Sounds nuts, right? But this February, around the time when the Legislature nearly passed a bill to bar inmates from bringing such actions, Dane County Judge Sarah O'Brien found probable cause that Stokes repeatedly submitted "false and fraudulent" records. David Feiss, an assistant district attorney in Milwaukee County, has been named special prosecutor. He says no charges have yet been filed and Stokes is presumed innocent.
In 2000, inmates at the Boscobel prison filed a class-action lawsuit alleging that conditions there constituted cruel and unusual punishment. A settlement agreement reached in 2002 mandated some policy changes and prohibited the DOC from using the prison for mentally ill inmates.
Carlos Pabellon, an attorney with the office of Ed Garvey, which represented the inmates, came to suspect the DOC was "manipulating" diagnoses to sidestep this ban.

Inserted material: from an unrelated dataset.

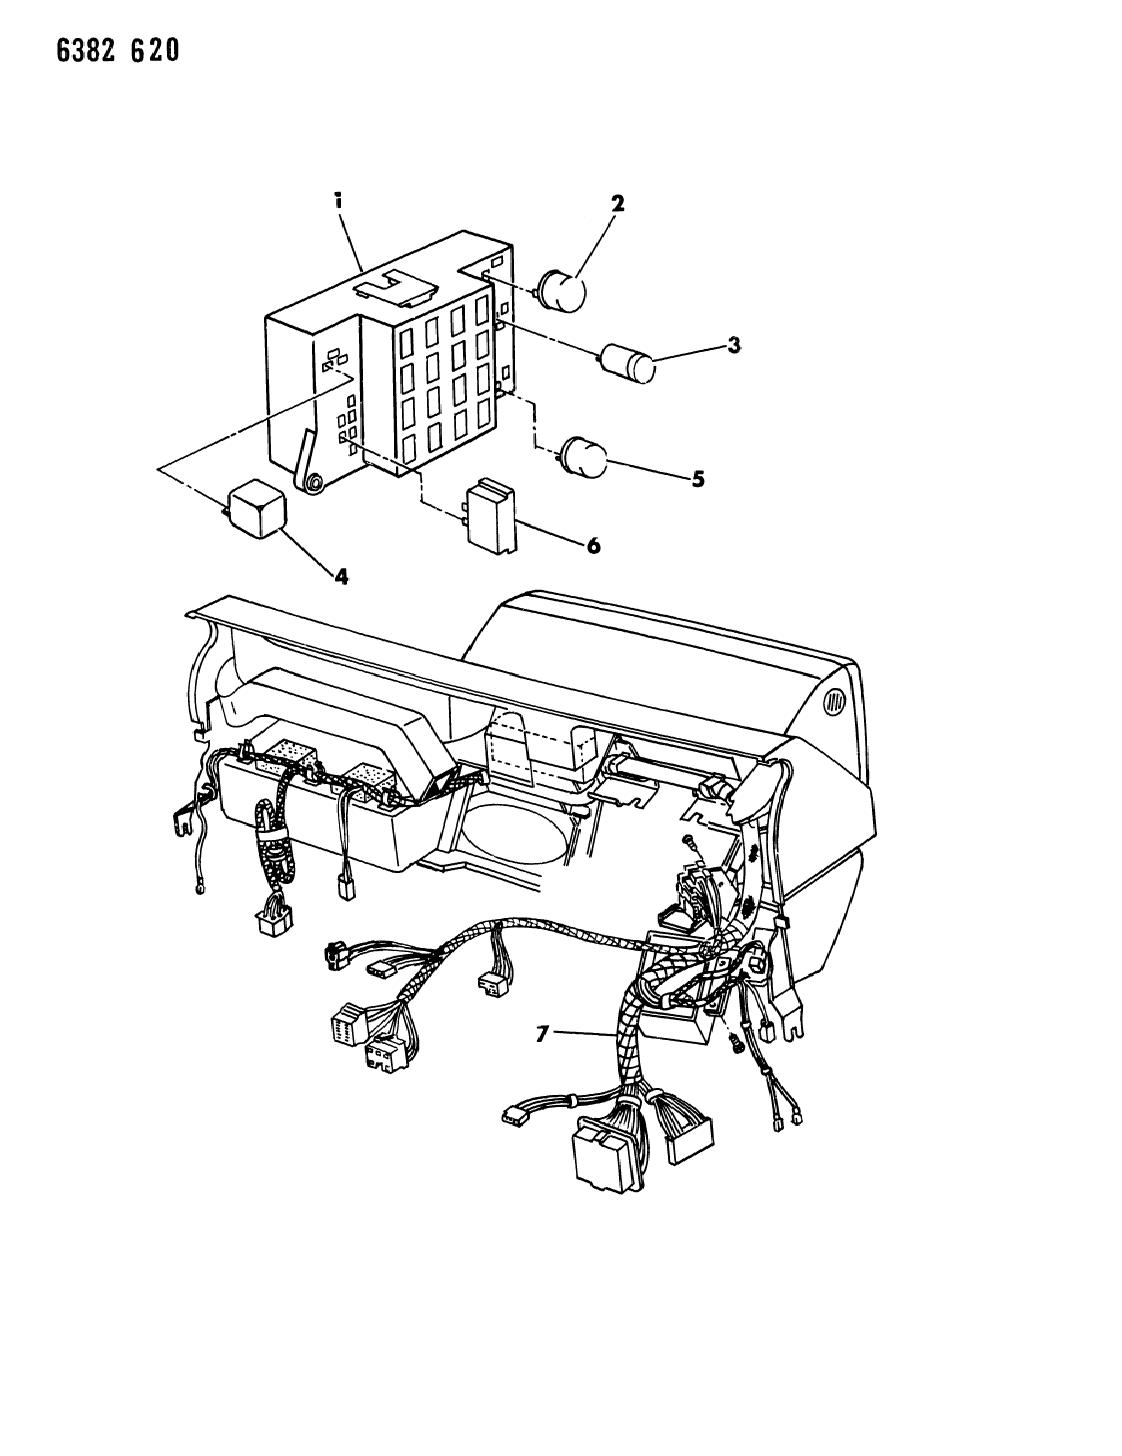 1987 Dodge Dakota Instrument Panel Wiring Mopar Parts Giant Diagram

"What we discovered," says Pabellon, "is that a number of these inmates had on one day an MH-2 classification" [meaning they could not be sent to Boscobel] and after the next visit an MH-1 classification [meaning they could be and were]." He believes the DOC was under pressure to "fill the empty beds at Boscobel, and, unfortunately, it appeared to us that they were doing it at the expense of the mental health of these inmates."
Federal Judge Barbara Crabb tapped a Medical College psychiatrist to monitor whether seriously mentally ill inmates were going to Boscobel. This appointment ended earlier this month, as did the court order against using Boscobel for seriously mentally ill inmates.
DOC spokesman Dipko says "the screening process" that was developed in response to the lawsuit remains in place. But others say the Locke case underscores that the DOC cannot be trusted.
"They're still putting mentally ill prisoners into [Boscobel]," says Frank Vanden Bosch, an inmate rights activist who lives near the prison. "They're really not concerned with the prisoners. They're concerned about keeping the prison full. It makes a mockery of what the courts have decided."
Dr. Kallas, in a recent interview with Wisconsin Public Radio, admitted he sometimes overrules diagnoses made by colleagues. But he claimed it is on the other end of the spectrum.
"While the psychologist may be technically correct in saying there's not serious mental illness, I err on the side of caution and say, 'Let's not send this person,'" Kallas maintained. "I've just taken a more conservative stance and in many cases have decided that I don't want certain inmates there even though they may technically under the court criteria qualify."
The transcript of the July 2007 hearing was not completed until late October. In January of this year, Locke filed a complaint against Dr. Kallas with the state Department of Regulation and Licensing, arguing that he committed "medical malpractice" and violated Judge Crabb's order. That complaint is pending.
Locke has also asked the 7th Circuit Court of Appeals to intervene, saying, "It is time to put the DOC in check and punish them for this behavior." This is also pending.
Dr. Saini himself briefly agitated against his termination. His Madison attorney, Richard Bolton, sent a letter dated Dec. 30, 2004, to Matthew Frank, then DOC secretary. It says Saini worked at the agency for 10 years "without serious criticism of his performance" and occasional commendations, only to be fired in August 2004, shortly after "failing to cooperate" with the DOC's attempt to "manipulate" Locke's diagnosis so he could be sent to Boscobel.
Saini, who is now working at the Mendota Mental Health Institute, declined opportunities to comment. Bolton says the DOC denied there was any connection between Saini's termination and the Locke matter. Saini did not pursue legal action.